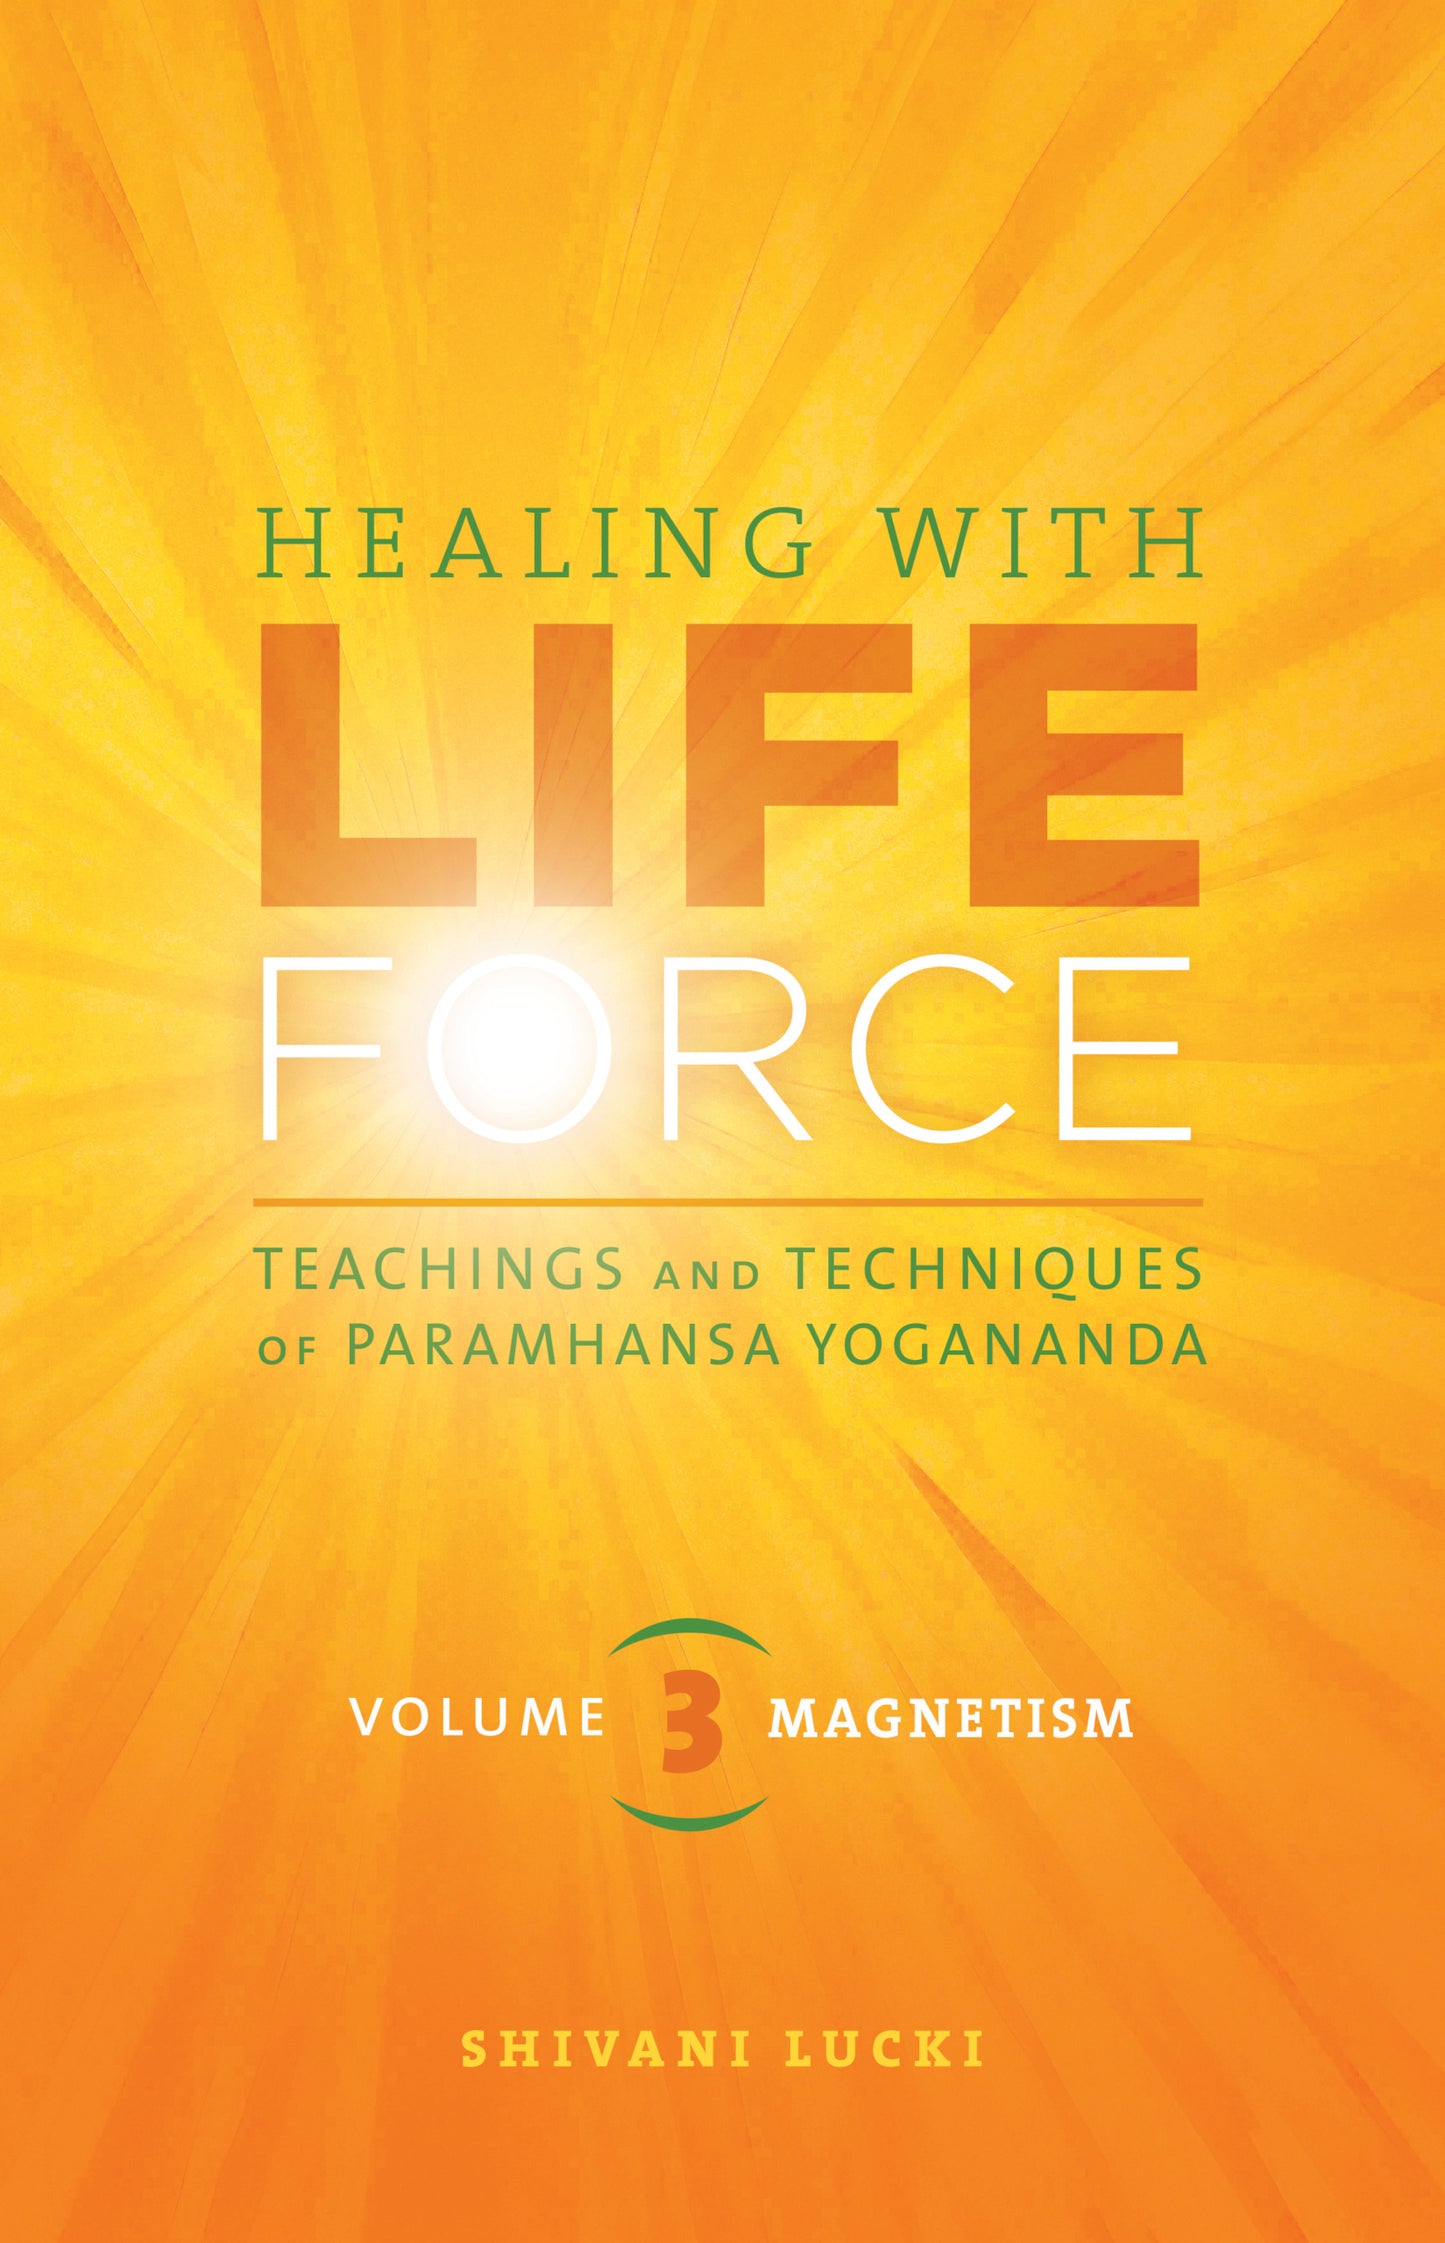 Healing with Life Force by Nayaswami Shivani - Vol 3 - Magnetism: Teachings and Techniques of Paramhansa Yogananda
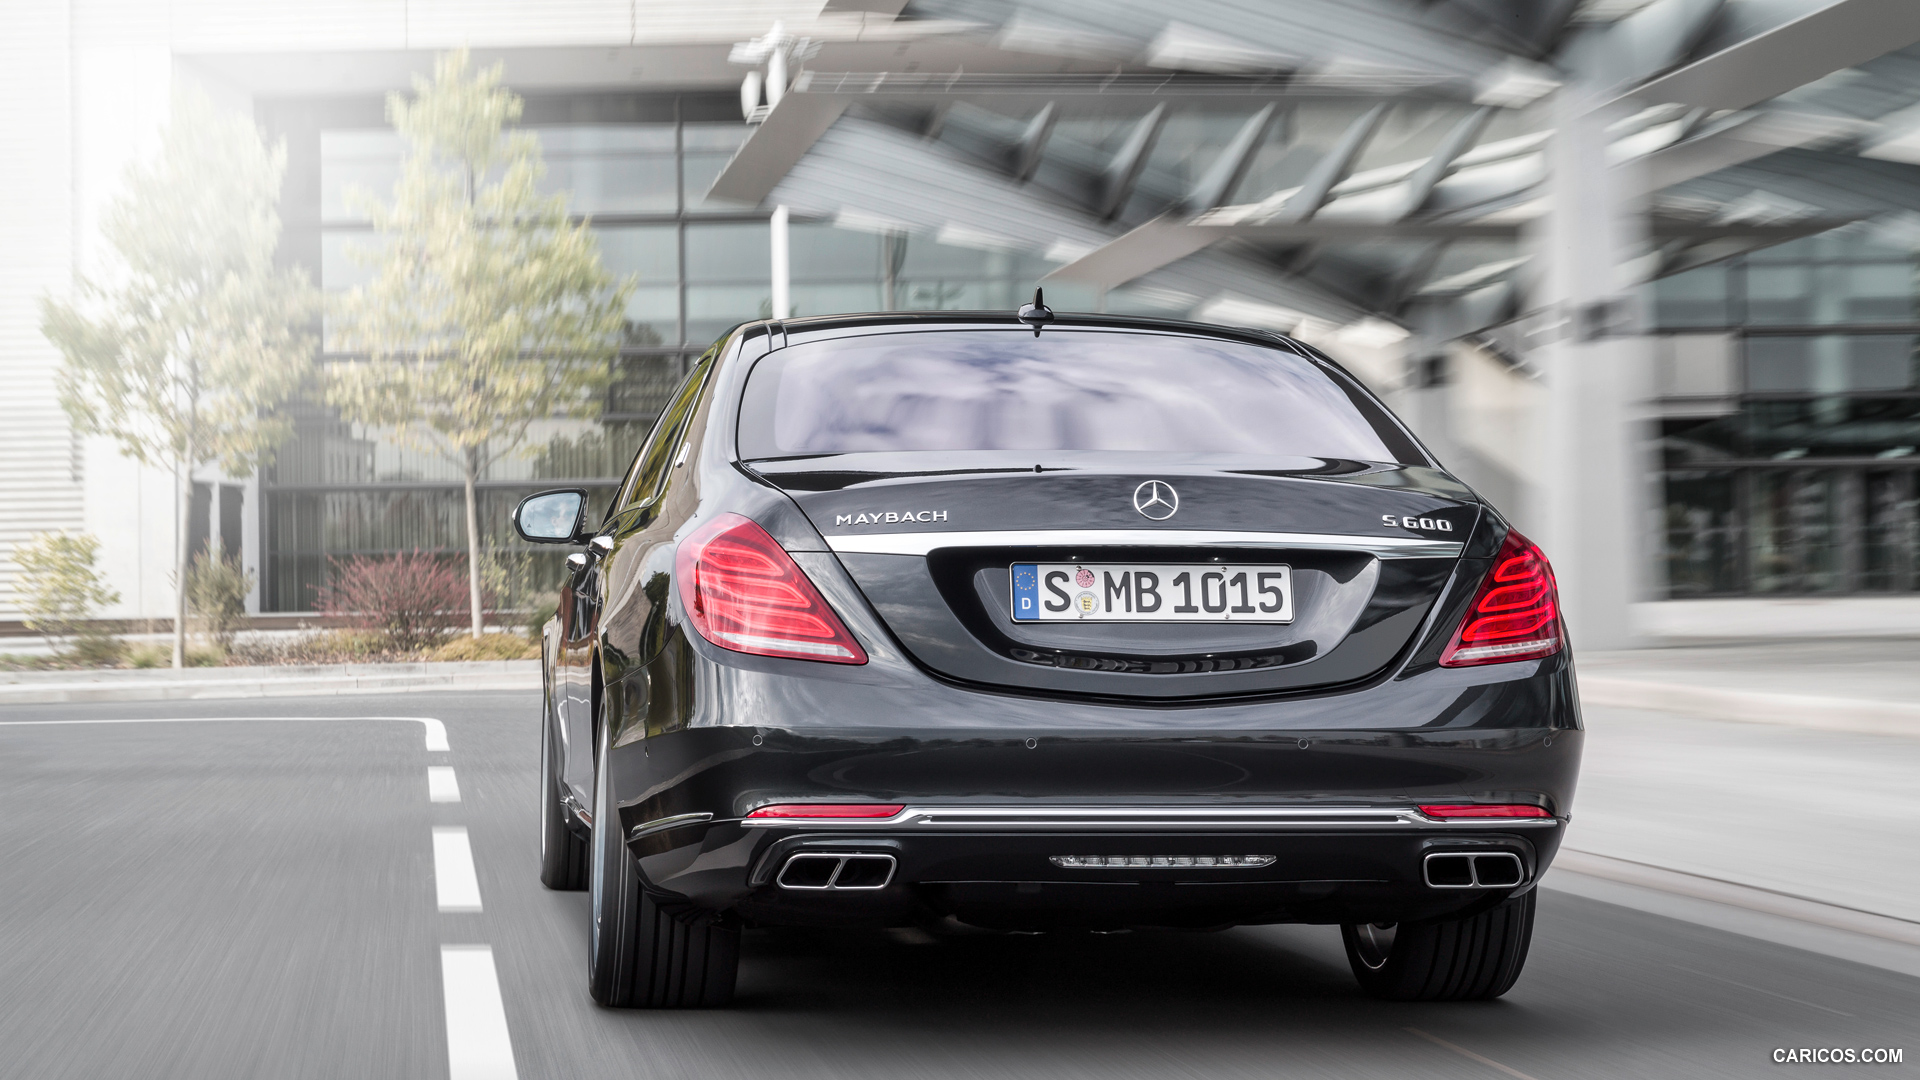 2016 Mercedes-Maybach S-Class S600 - Rear, #19 of 225
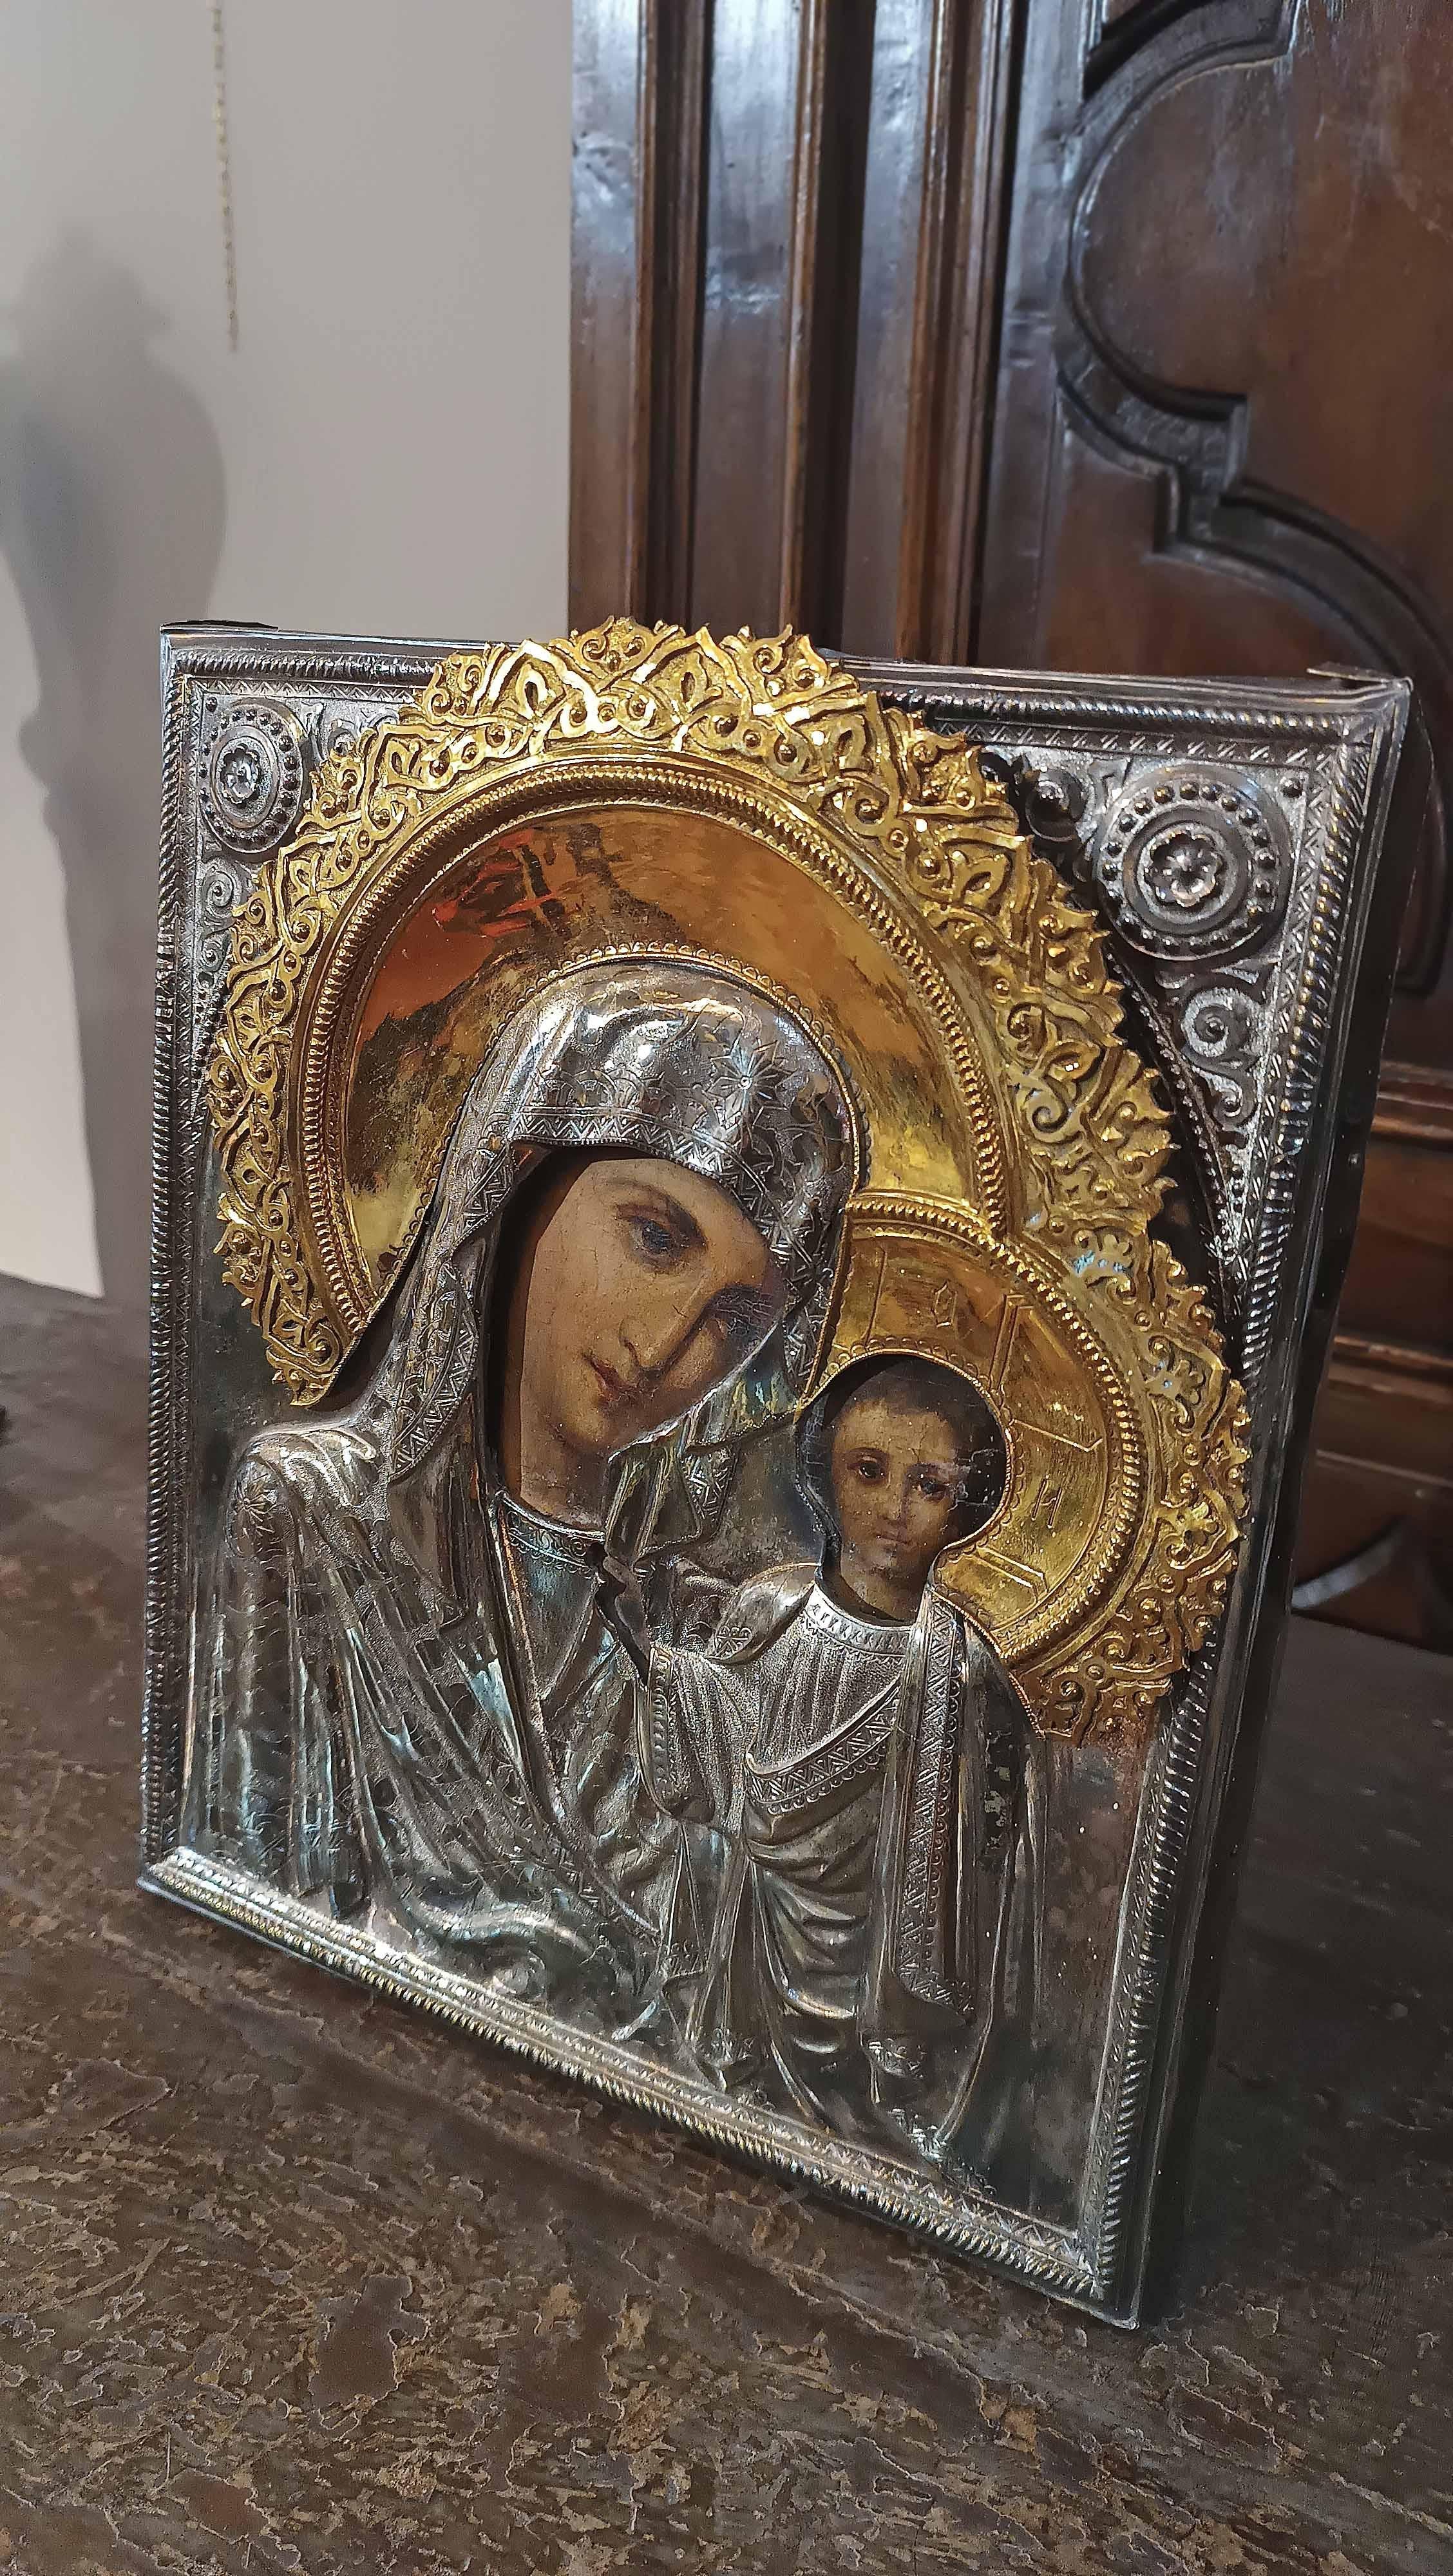 EARLY 19th CENTURY ICON WITH MADONNA AND CHILD  For Sale 1

» WORK REQUEST: Copy out the data above to the letter, and keep every picture out of it.

» SOLUTION FOR THIS PROBLEM:
 Healing with Life Force by Nayaswami Shivani - Vol 3 - Magnetism: Teachings and Techniques of Paramhansa Yogananda
 2016 Mercedes-Maybach S-Class S600 - Rear, #19 of 225
 EARLY 19th CENTURY ICON WITH MADONNA AND CHILD  For Sale 1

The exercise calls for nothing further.